MATERIAL FOR THIS TASK:

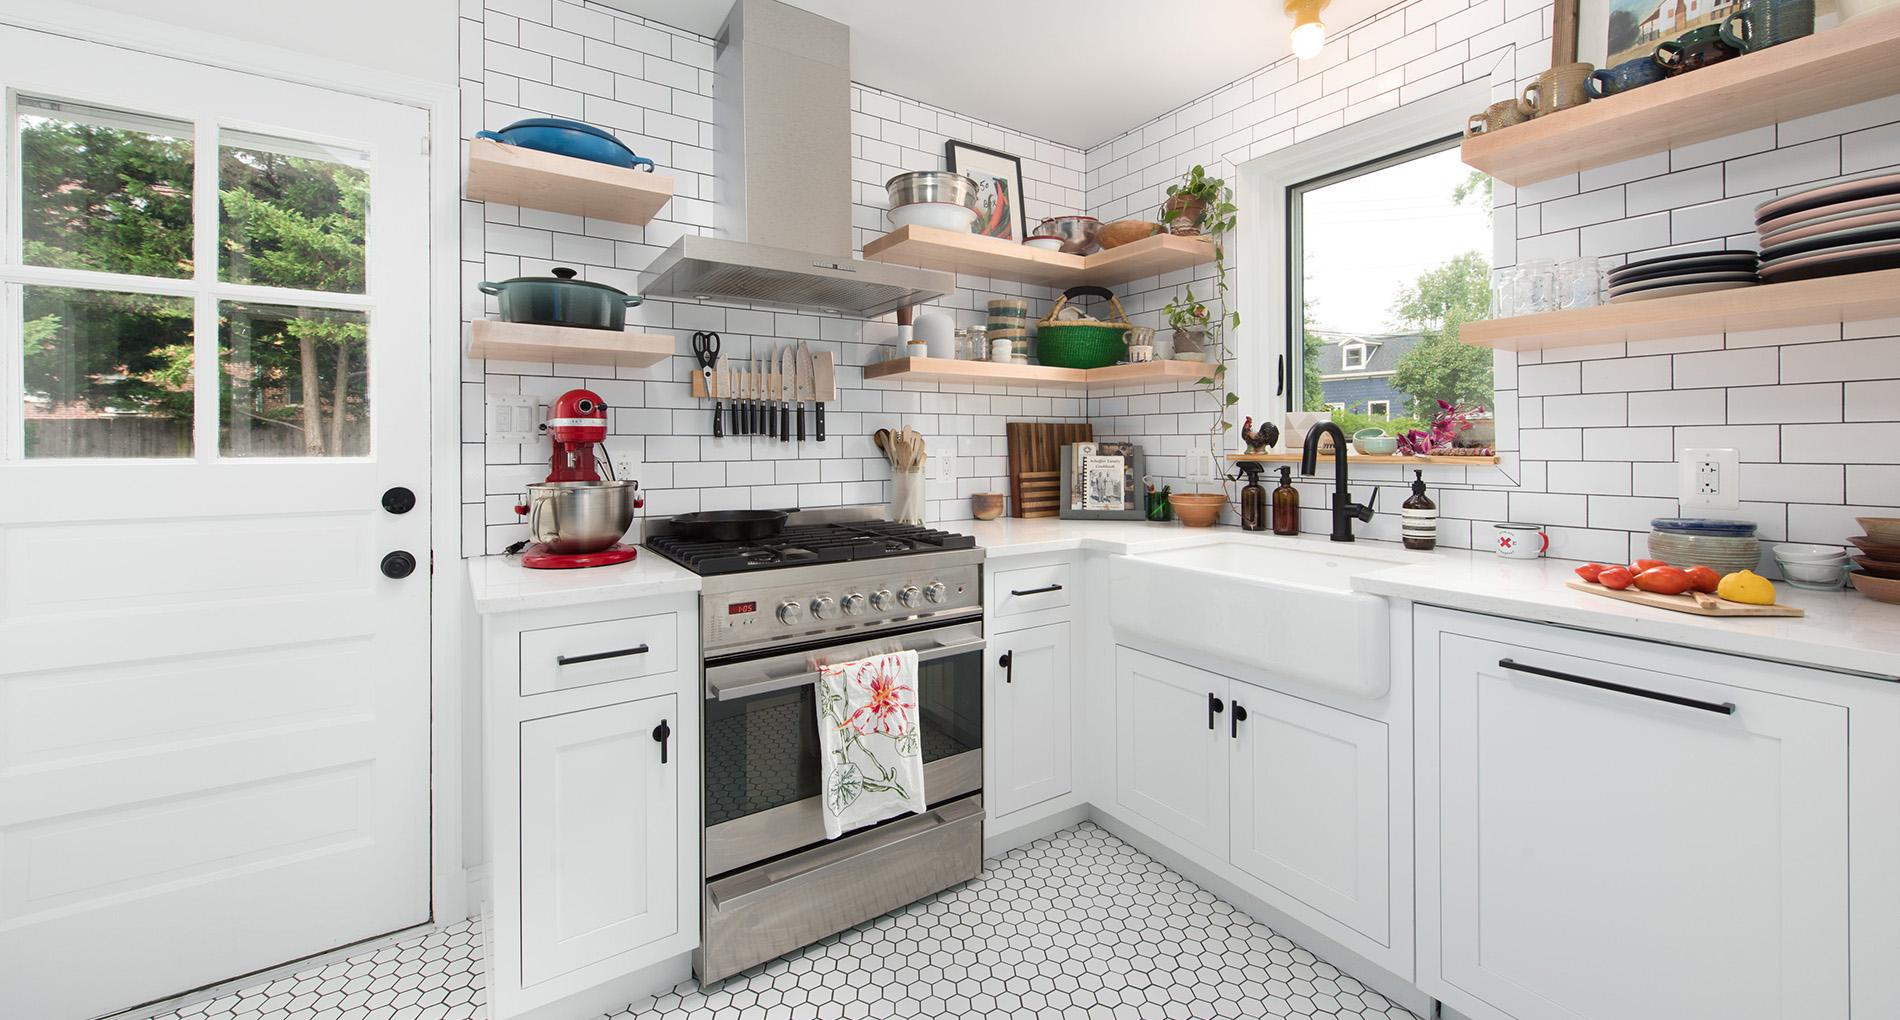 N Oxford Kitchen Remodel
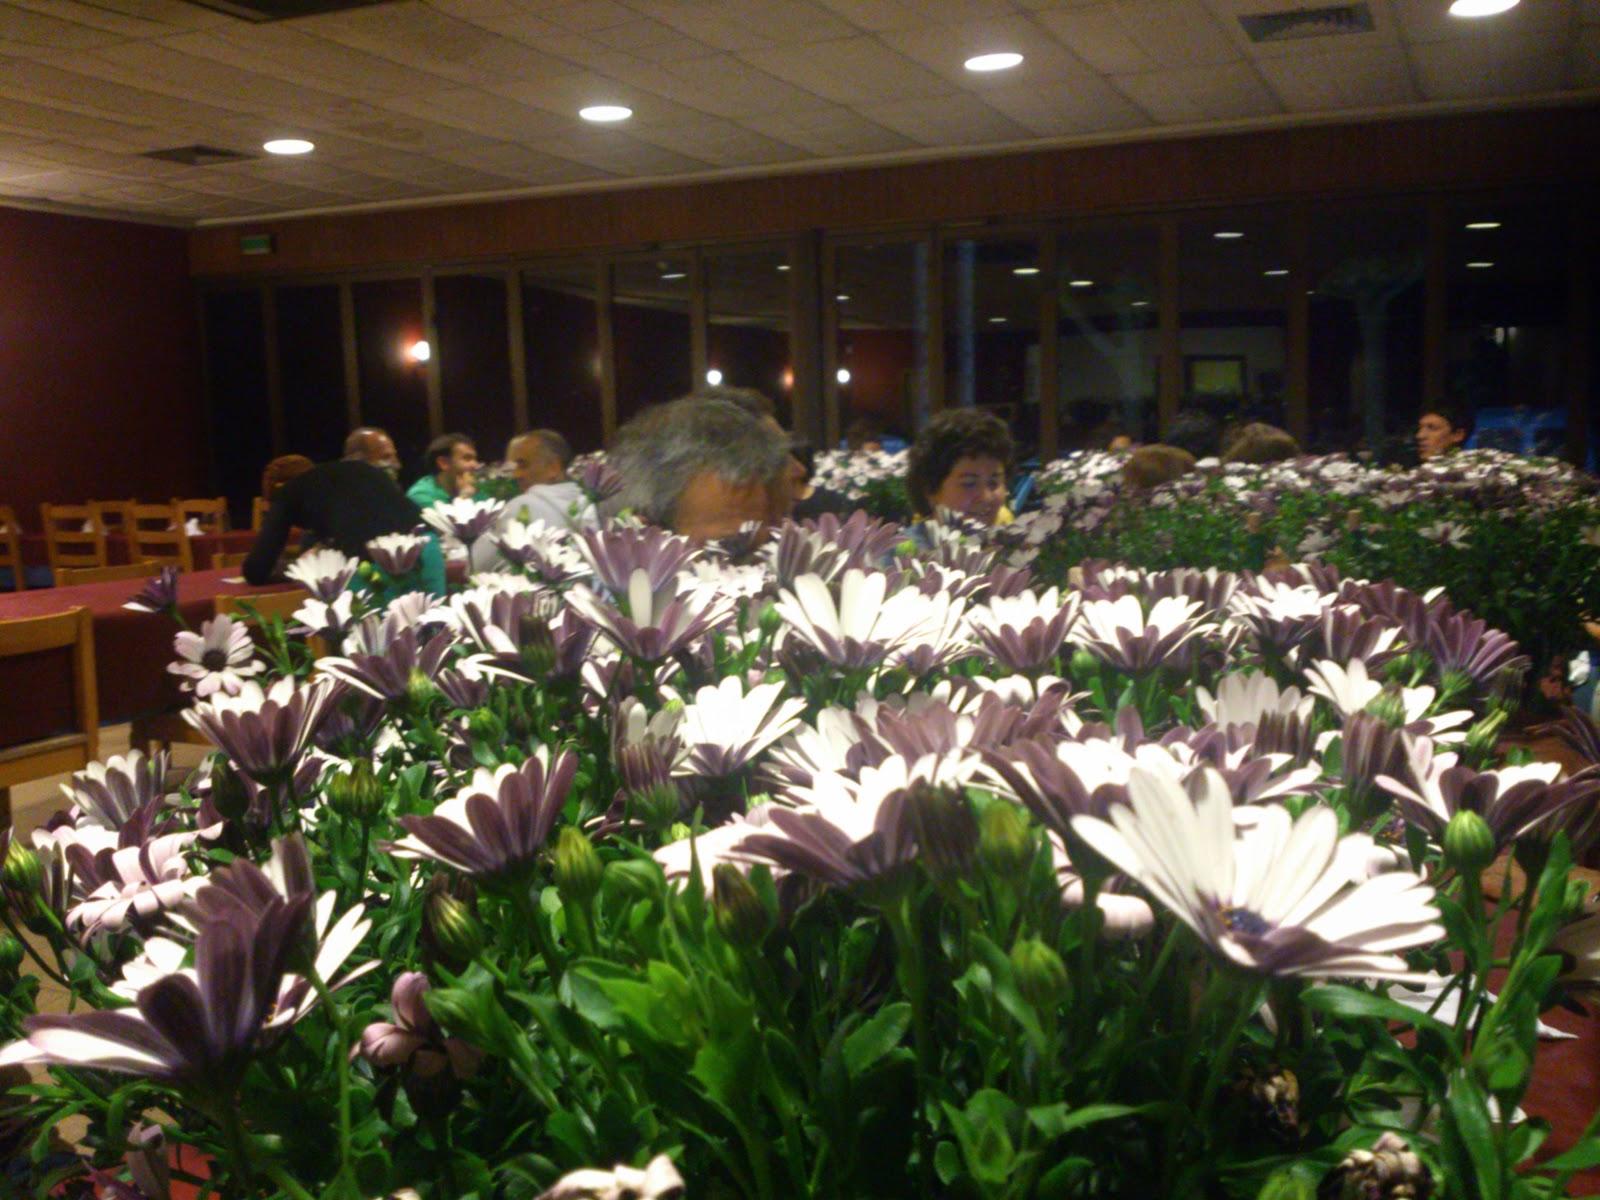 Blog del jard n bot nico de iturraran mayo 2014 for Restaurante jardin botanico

...

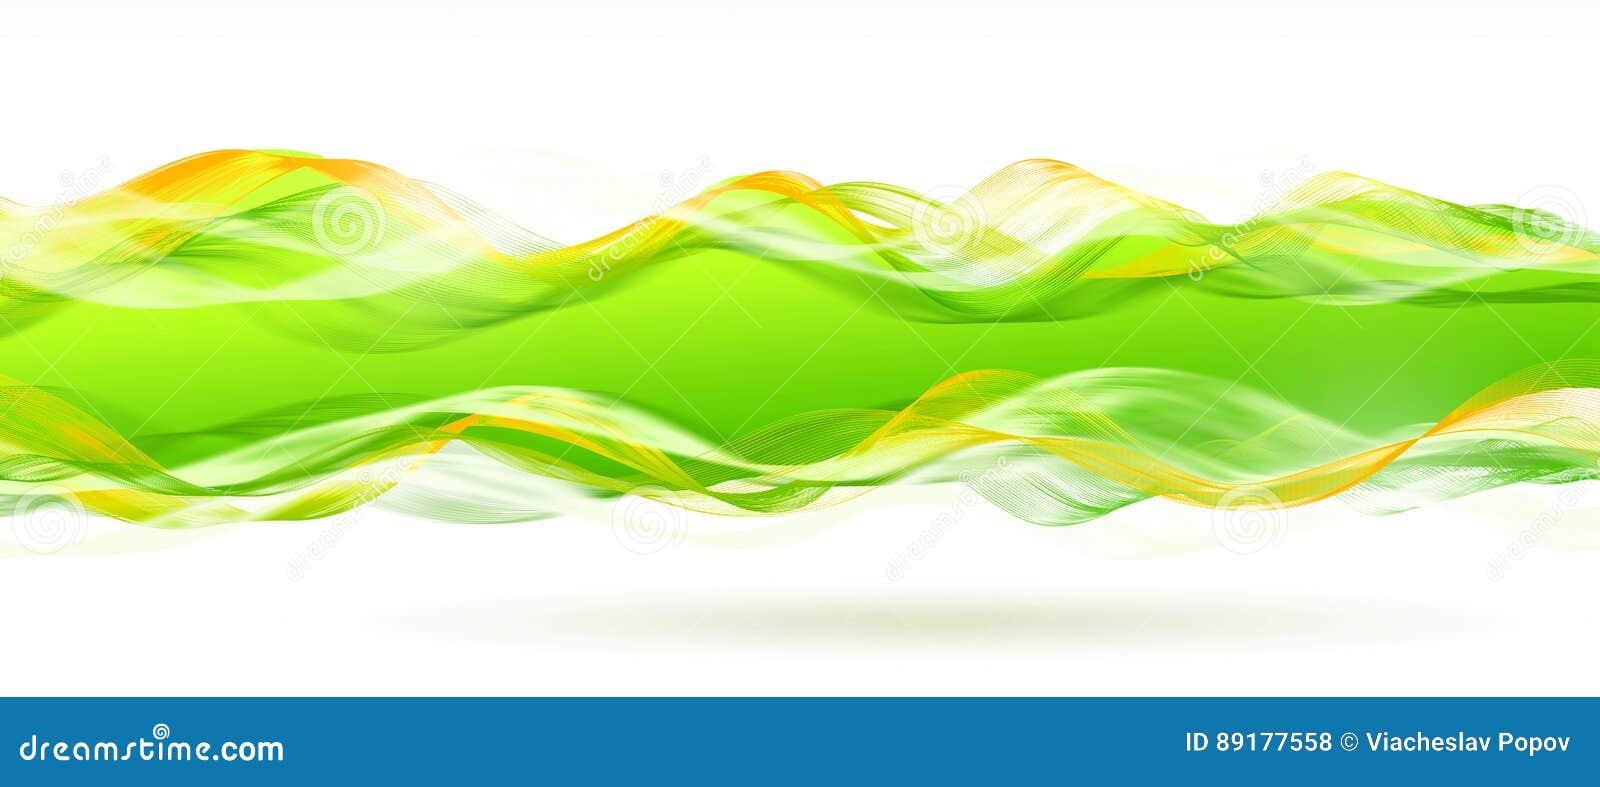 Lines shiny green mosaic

---

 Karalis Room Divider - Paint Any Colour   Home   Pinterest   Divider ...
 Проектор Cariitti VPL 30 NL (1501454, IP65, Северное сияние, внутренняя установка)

YOUR ASSIGNMENT: Everything above from the line containing "Karalis Room Divider" down to the line containing "Проектор Cariitti VPL" is to be transcribed exactly, with both of those lines included and nothing else added.

YOUR SOLUTION:
 Karalis Room Divider - Paint Any Colour   Home   Pinterest   Divider ...
 Проектор Cariitti VPL 30 NL (1501454, IP65, Северное сияние, внутренняя установка)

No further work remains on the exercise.